Воот, сейчас самое главное и обсудим! Только без лишних ушей. Или нет? Рано! Сначала нужно договориться насчет пожить недельку-другую, а уже потом, в процессе так сказать… Изобразив одними губами улыбку, обратился к Клавке:
— А чаю в этом доме нальют?
Клавка вопросительно глянула на Михалыча, тот кивнул, она подскочила и загремела чайником у плиты. Староста прищурился:
— Ох и хитер ты, купца жохом назвал, да куда ему до тебя, ты прохиндей ишшо тот…

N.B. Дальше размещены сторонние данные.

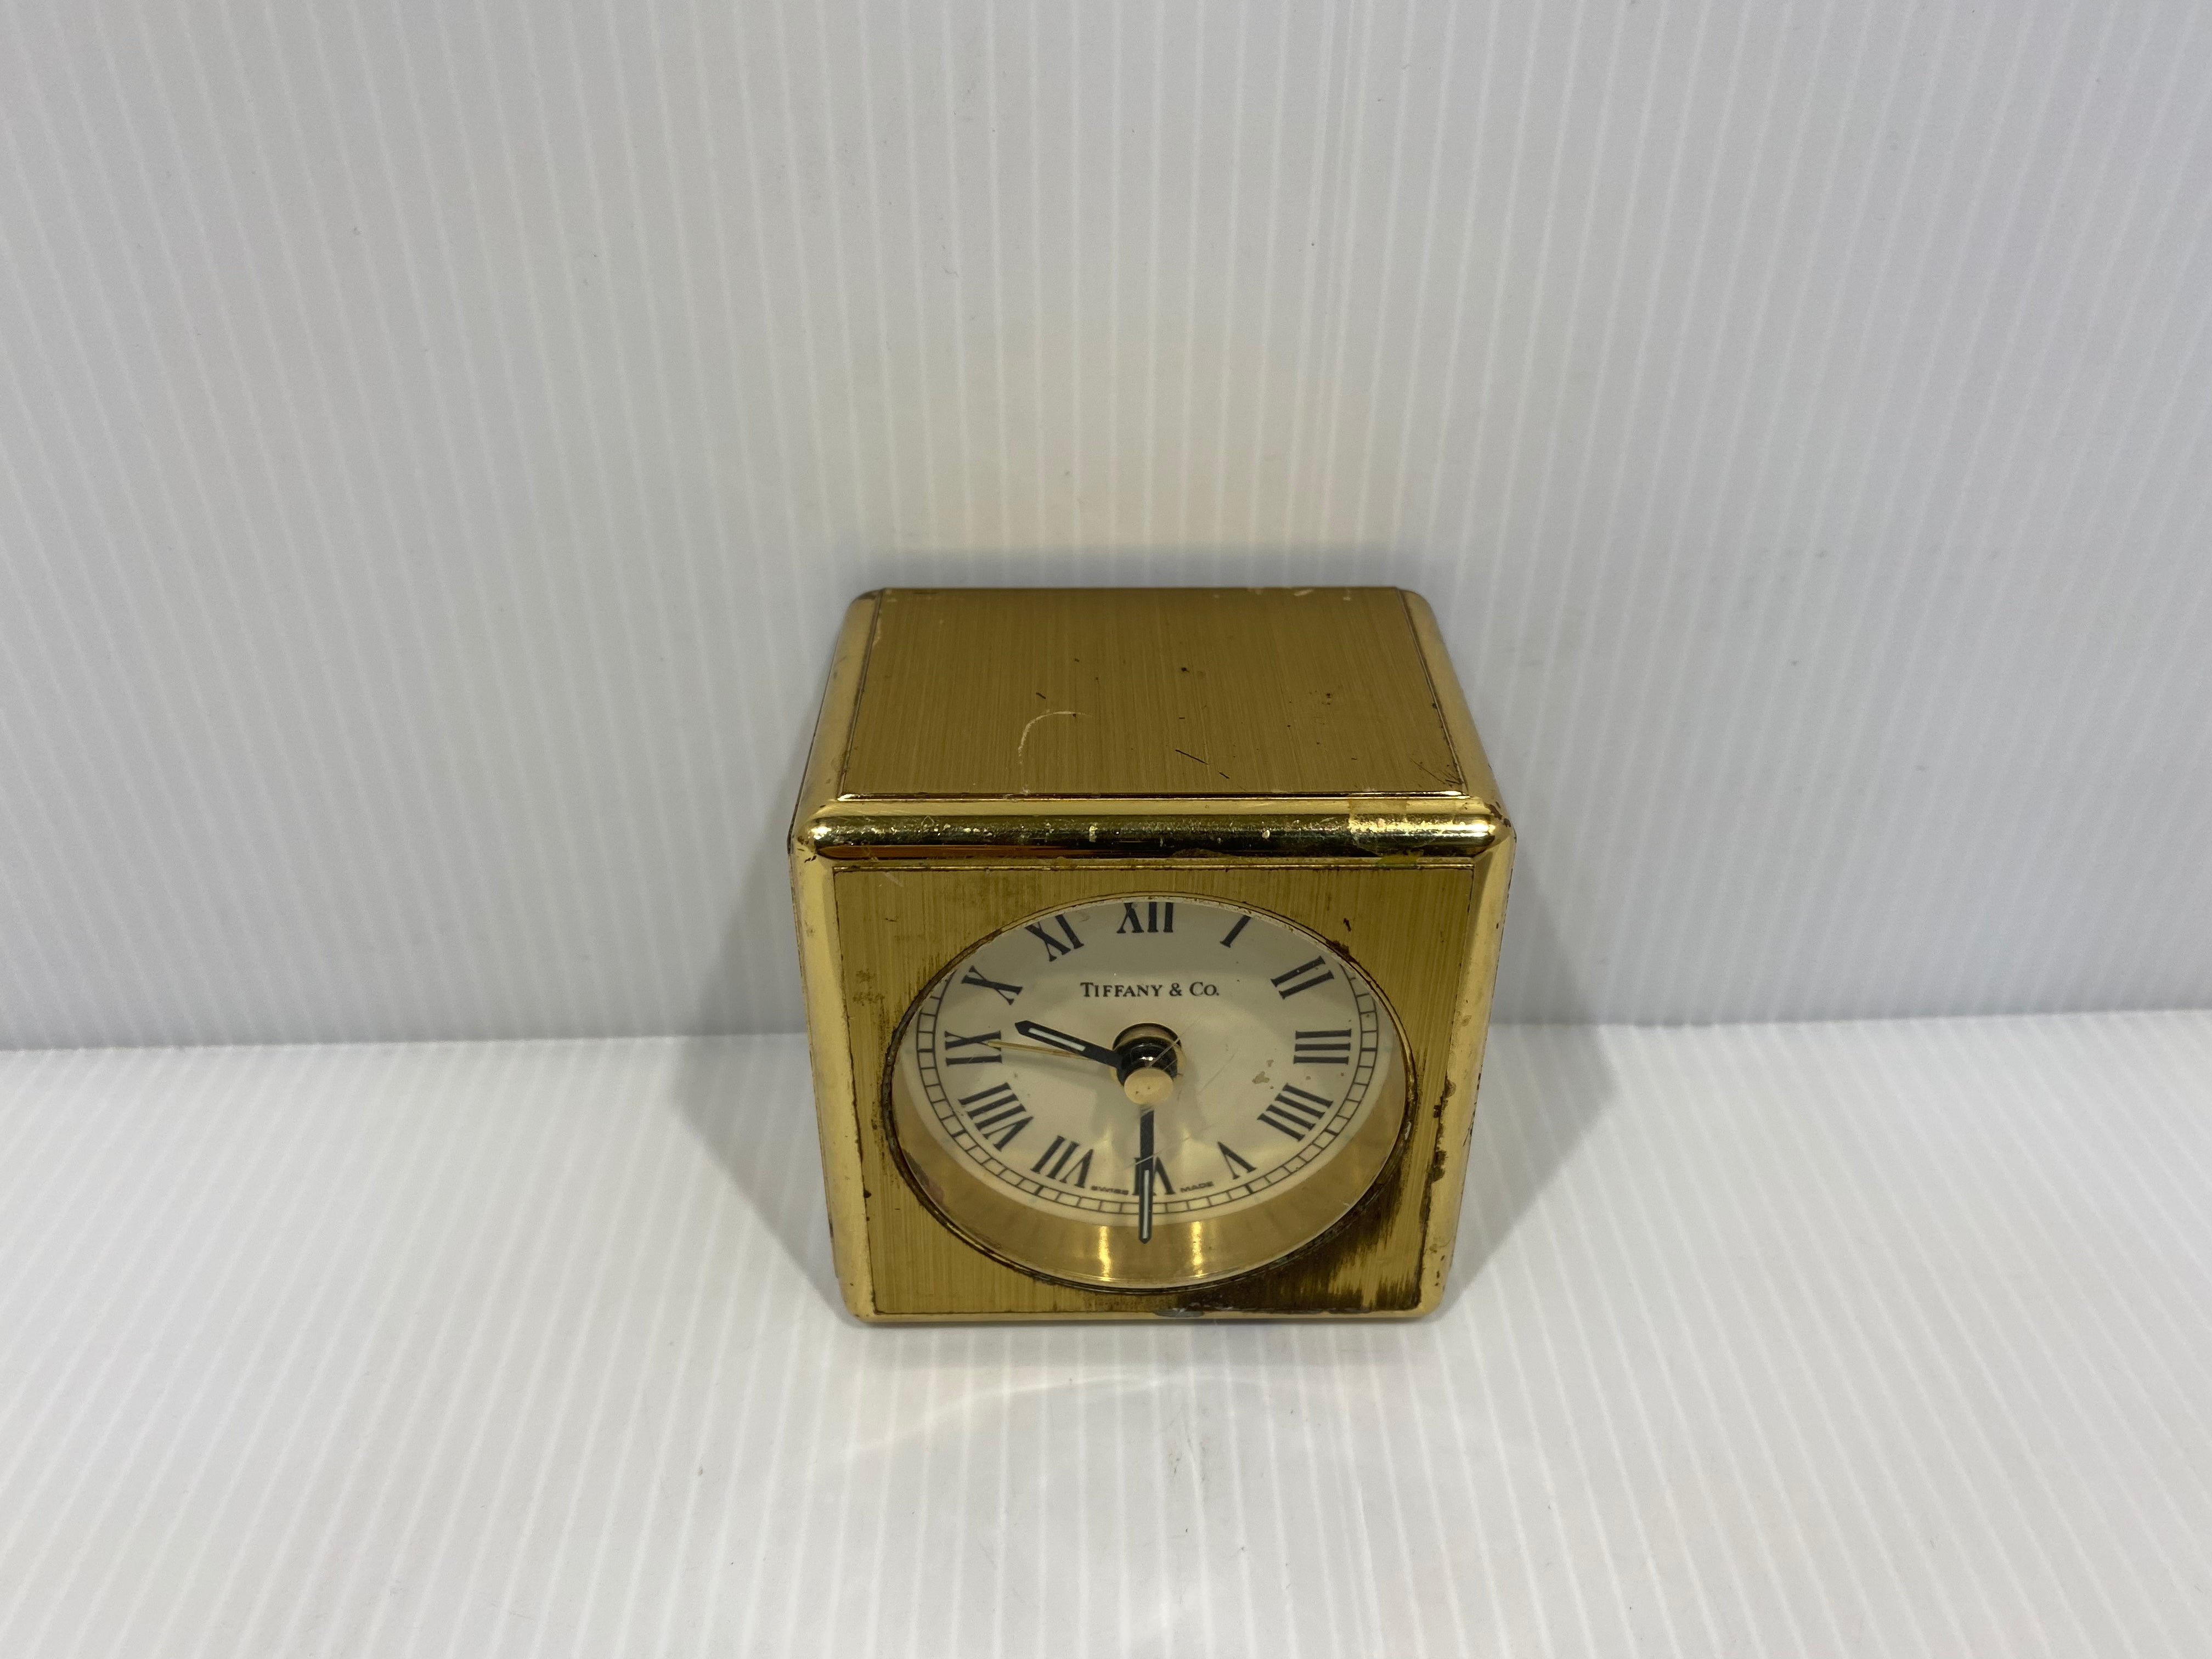 Tiffany & Co. solid brass collectible cube clock. Made of heavy thick brass with quartz clock and Alarm
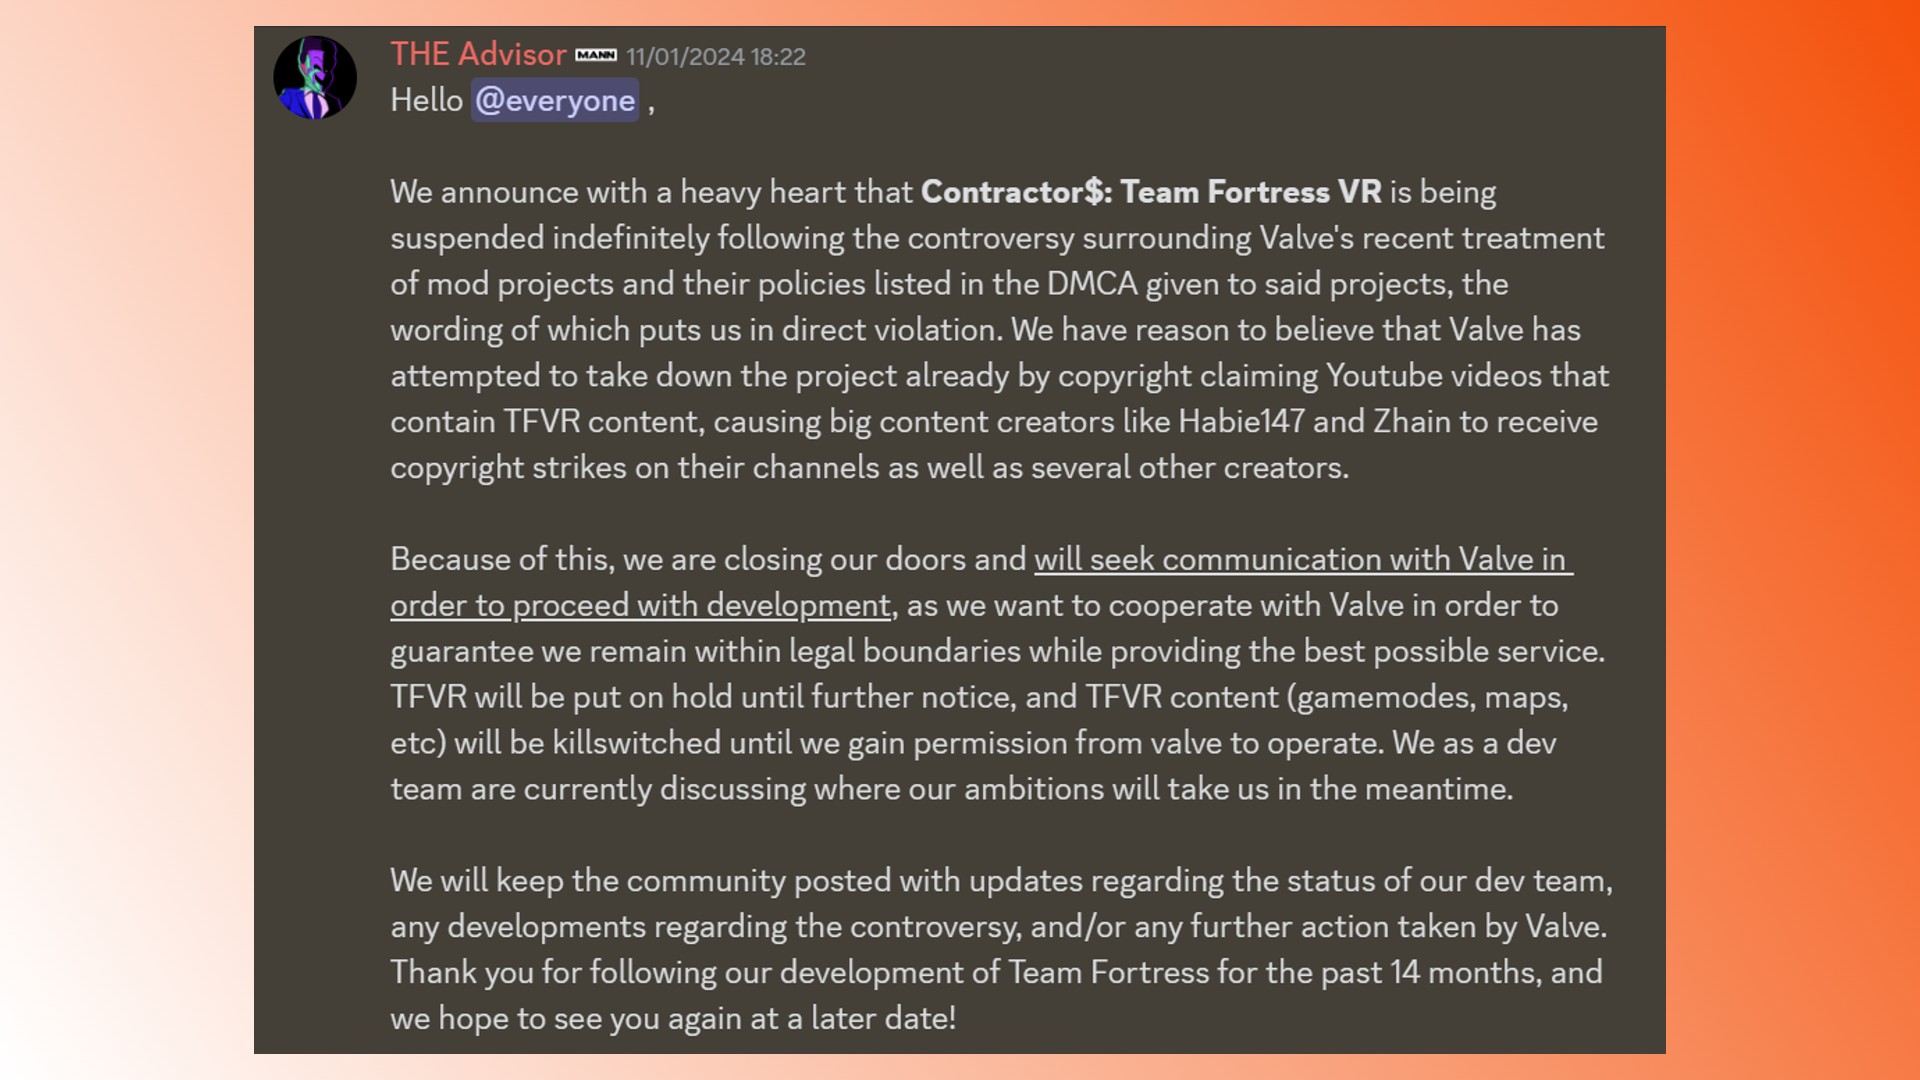 Team Fortress 2 mod pulled offline: A message from the creators of Team Fortress 2 VR regarding Valve

— Тот, не тот… Петро Михалыч, ты еще не раздумал меня изловить и посадить в холодную? А то Гришка с Тимохой с утра избу караулят, от крыльца не отходят, а под крыльцом ружья лежат. Клавдия на табуретке ерзает, чего-то ждет, аль боится, ты аж расстроился, когда я пить не стал. Опять же мальцов спровадил из дому. Давай напрямки, оно проще будет. А то удумаешь глупость какую, потом в дверях не разойдемся.
— Разойдемся. Так что хочешь?
— А пойдем-ка во двор. В доме ушей полно, не след им кой-чего слышать, многие знания…
— Во многие печали, знаю, Евангелие читал. Ты не думай, мы грамоту понимаем, не гольды, чай. Ну, пойдем. Намордник свой можешь не надевать, я сейчас Гришку с Тимохой на берег отошлю. А зачем такой? Иль ты все-таки разбойных дел мастер?
Достаю из нагрудного кармана телесного цвета тряпку, с прорезями для глаз и разворачиваю ее.
— Видишь шов фабричный? Это лыжная маска, ее мануфактуры для северных губерний шьют, для экспедиций и для солдат, чтобы служивые зимой лицо не обморозили. Легонькая, потому в кармане завсегда лежит, чтоб не забыть, а надобно — вот она.
— Ловко! Ну, пошли.
Глава четвертая. Плавно Амур свои волны несет…
Жареный сом — это, братцы мои, кулинарный восторг! А когда он зажарен с душой и старанием — восторг вдвойне! Белое мясо, слой за слоем, с хрустящей корочкой… А запах! И тот, кто впервые его пробует и те, кто не раз уже вонзал зубы в это чудо — вкушают с удовольствием! Даже предубежденные или разбалованные ресторанной кухней, снимающие пробу из вежливости или чтобы не огорчать повара, отведав кусочек-другой, мгновенно переходят от недоверия к восторгу. Мне не знакомы люди, кто откушав правильно приготовленного сома, не попросил бы еще!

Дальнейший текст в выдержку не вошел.